To help you all out, I will describe here the nature of my practice and the terms under which I was recruited. I cannot say how representative this is of other practices in my or other communities. Nevertheless, I hope it will help as a yardstick you can use for comparison with the job offers you receive.

My situation is very special. I was recruited to join a four-person group of pulmonologists practicing inpatient and outpatient internal medicine and pulmonary consultation. The senior member of this group was and is my father, so I know that my recruitment terms were very fair. However, two other non-relatives were previously recruited on the same terms, so I was not given overly special treatment. The economics of the arrangement were as follows and were made explicit at the time I was recruited. For the first two years of practice, I was a salaried employee. The salary was $120,000 per year in 1999. Following two years of working for the practice, I was offered partnership as stipulated at my recruitment. To become a partner, I had to buy a share of the practice. The value of the practice was considered to be the accounts receivable (money yet to be collected by the practice). Therefore, I had to pay an amount of money equivalent to one-fifth of the accounts receivable. I also had to pay the practice any difference between what they had paid me and the amount of money I brought in to the practice over my first two years, an amount that could easily have been anywhere between zero and $50,000. The buy-in was arranged to occur over several years, so that I didn't owe all of this money up front. My brother was later recruited to the practice on the same terms.
After my first two years as an employee, I was paid whatever amount of money I made each month in excess of my overhead. The monthly overhead of my practice varies, but can easily be $8000 to $9000.

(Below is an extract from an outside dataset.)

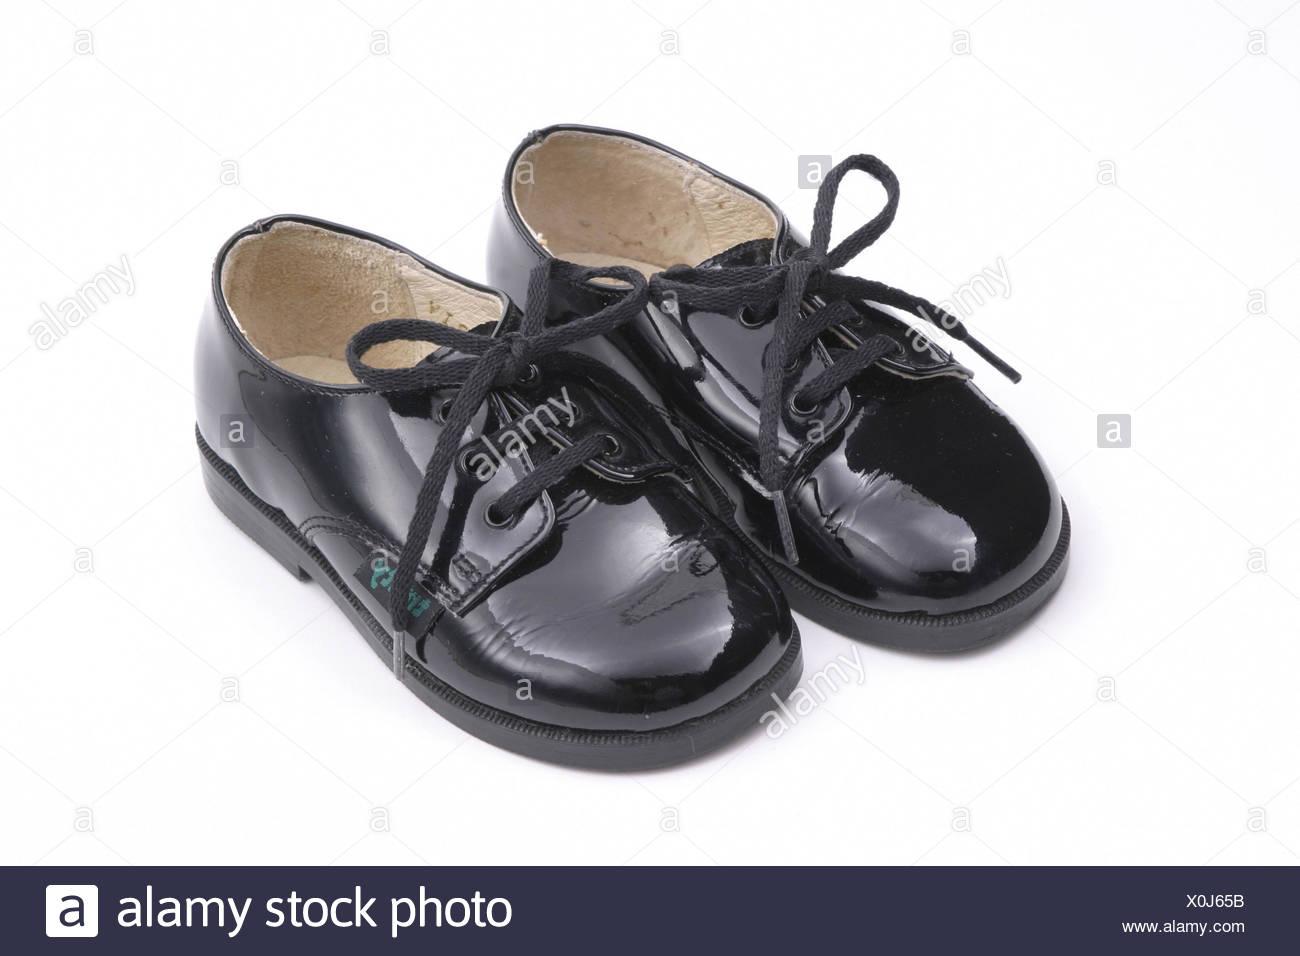 buy cheap f2ef3 b0ddf Kinderschuhe, schwarzes Mädchen Schuhe, Lackschuhe, Lack ...
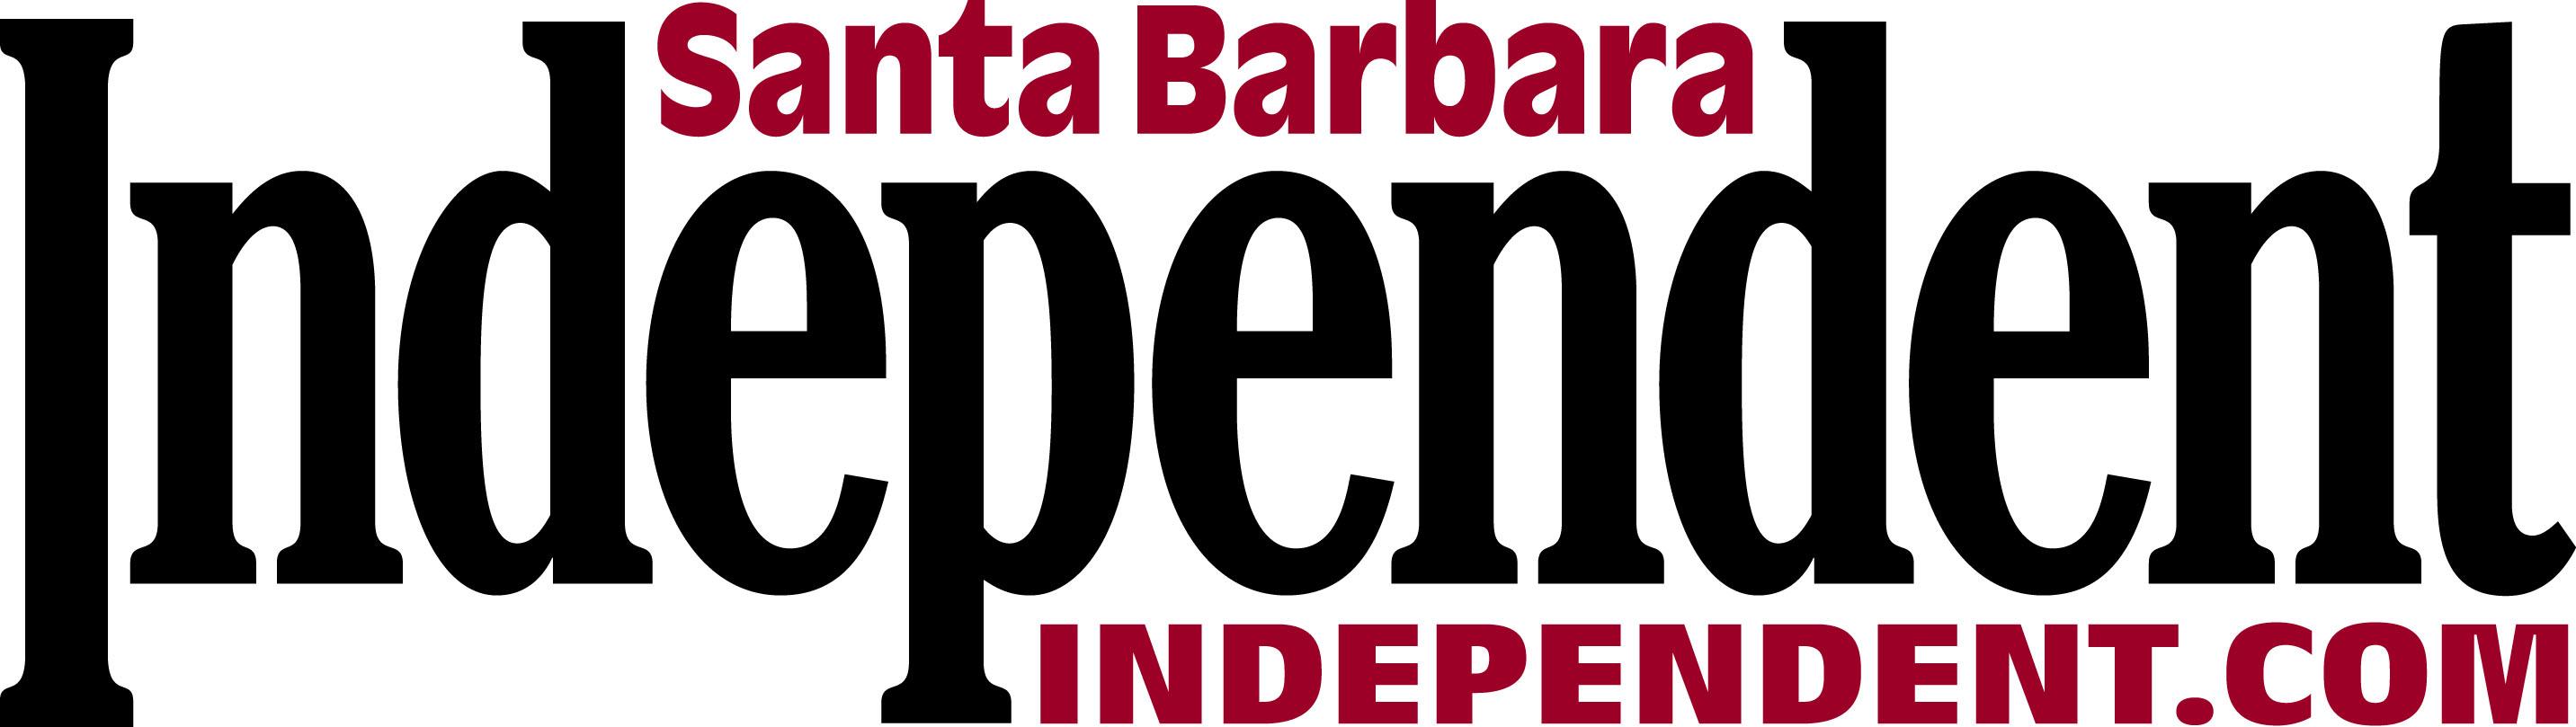 SBIndependent_Logo.jpg

The day-to-day mechanics of the practice run as follows: Each member of the practice has his own patients. If one of us is away on vacation or has a day off, the other physicians see those patients if needed. Call is divided evenly among the members of the practice, regardless of seniority. I see patients in the office eight half-days a week. I am on staff at four small and one large hospital. Hospital patients are seen before office hours, over lunch and, if needed, after office hours. Office hours are 9:00 to 12:00 and 2:00 to 5:00, Monday through Thursday. Vacation can be up to four weeks a year. New patients to the practice may choose which one of us they would like to see. We all take the same insurance plans, so that, for example, all of the uninsured patients do not belong to the junior member.

Based upon my experience, I do have some advice regarding job offers:

  1. The timing and terms for partnership should be explicit at the time you are hired.
  2. Call days should be evenly distributed among the physicians in the practice, though not all practices do this.
  3. As in marriage, the point of the partnership is for all members to benefit, not for one set of physicians to take advantage of the others. The benefit to the physicians already in the practice is a reduction in their workload and call schedule. The benefit to you is an opportunity to build your practice with an established group, rather than on your own, which is harder. You can't expect the physicians in the practice to simply give you a portion of what they have, but the terms for partnership should be equitable.
  4. Also as in marriage, the hardest and probably most important part is knowing what kind of physicians and people your prospective associates are. You can get a feeling for their competence by looking over their CVs, being sure they have the appropriate credentials. Knowing how they would be to work with is hard, and I don't have any magic recommendations. In my case, I had known my new associates for 20 years, and so I felt comfortable joining them.